This historic neighborhood has survived neglect and dissection by highways to undergo a renaissance. Fueled by a strong community organization, streets and homes in Carver have become a showcase of renewal and rebirth. In the 1840s, Carver was built on an area of Richmond divided by steep ravines at the western edge of Jackson Ward. Originally, Carver was settled as a working-class neighborhood of predominantly German and Jewish merchants and tradesmen. They later were supplanted by black families, and Carver became an important part of the thriving black community in Jackson Ward.
The movement west of lumberyards and brickyards to Carver from what is now downtown Richmond gave the neighborhood an early industrial component.
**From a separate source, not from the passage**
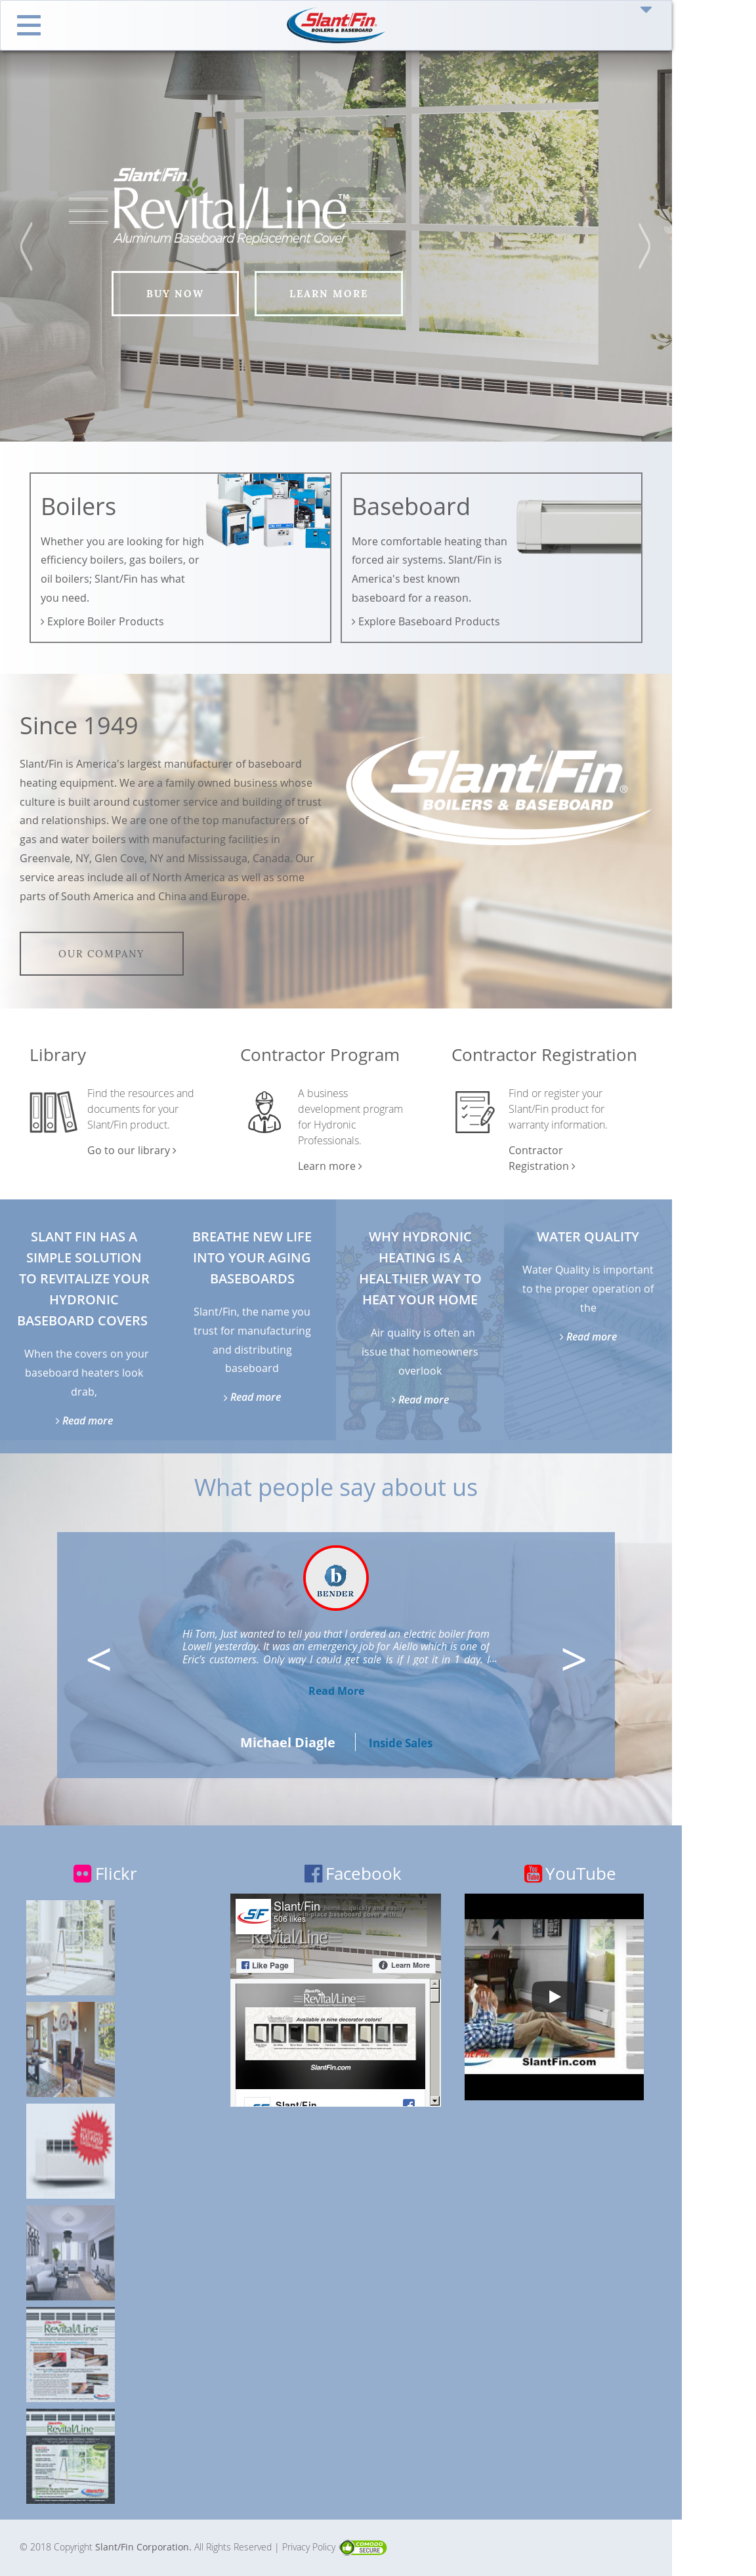 Slant/Fin Competitors, Revenue and Employees - Owler Company Profile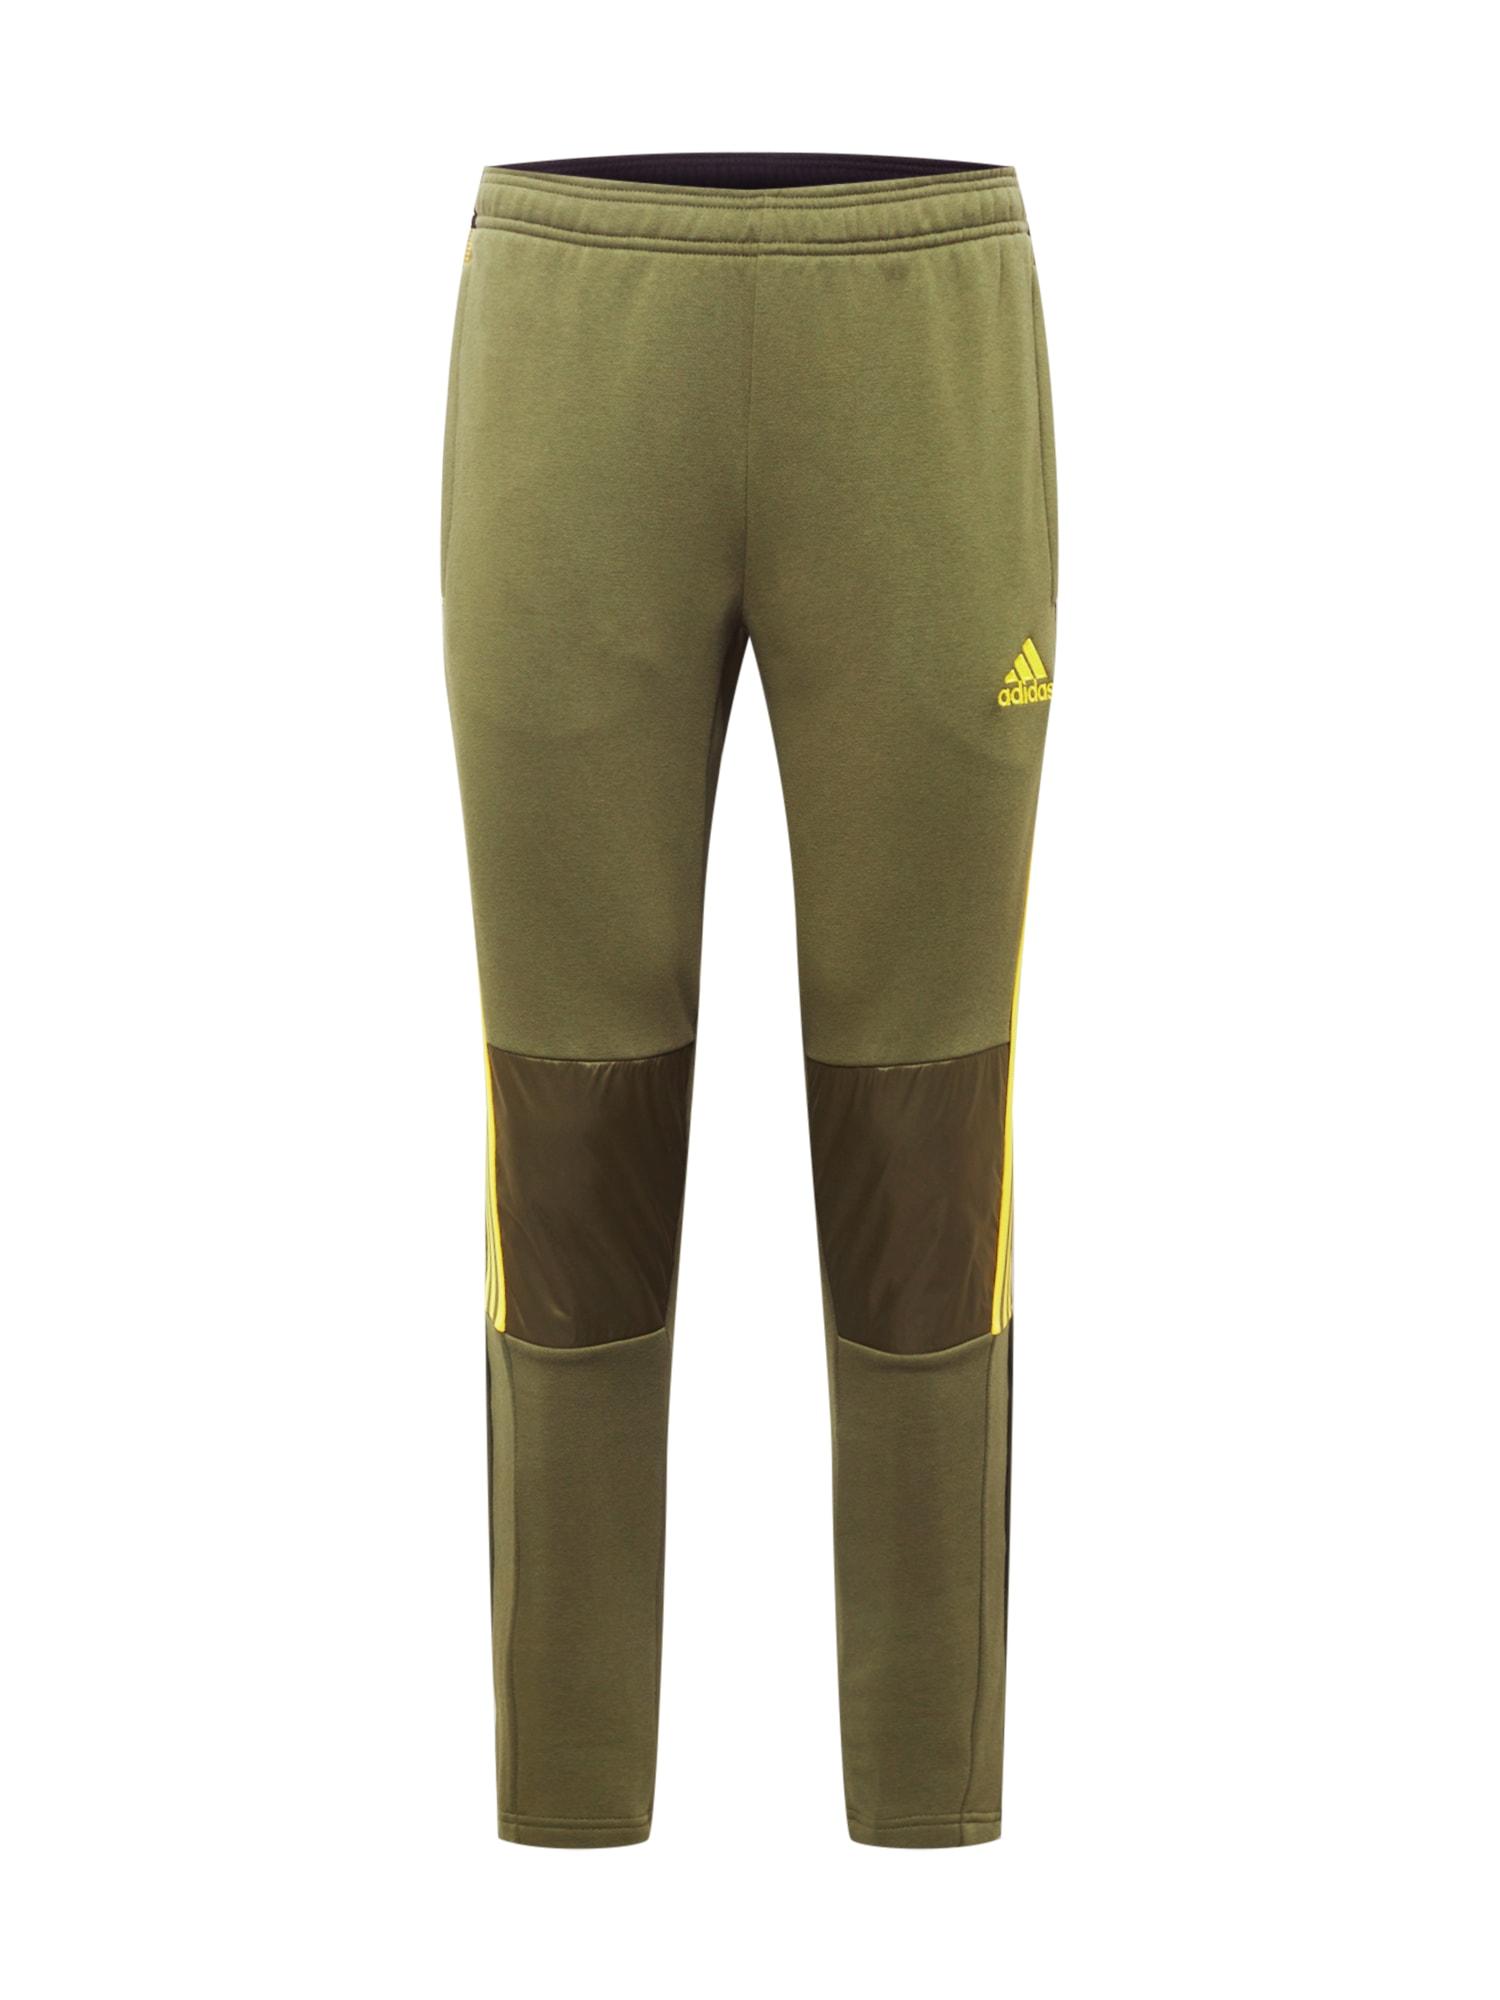 ADIDAS PERFORMANCE Sportovní kalhoty 'Tiro'  khaki / zlatě žlutá

In the 1930s, Belvidere Street sliced Carver off from the rest of Jackson Ward. Despite this, the area remained a thriving Black neighborhood with a social mixture of working poor and upper-class professionals.
As a part of the urban renewal programs of the 1950s, many historic Carver homes were demolished. The 1960s saw the construction of Interstate 95, which again erased entire blocks of Carver and cut off access from the north.
To combat these continued incursions and other losses of the architectural fabric of the neighborhood, the Carver Civic Improvement League was founded. This organization has fought to preserve the charming Victorian homes of the area.
A walk through Carver reflects a neighborhood in transition. This decline experienced for years has been replaced by a growing interest in restoration and the construction of new homes sensitive to the appearance of the neighborhood in both their scale and their historic style.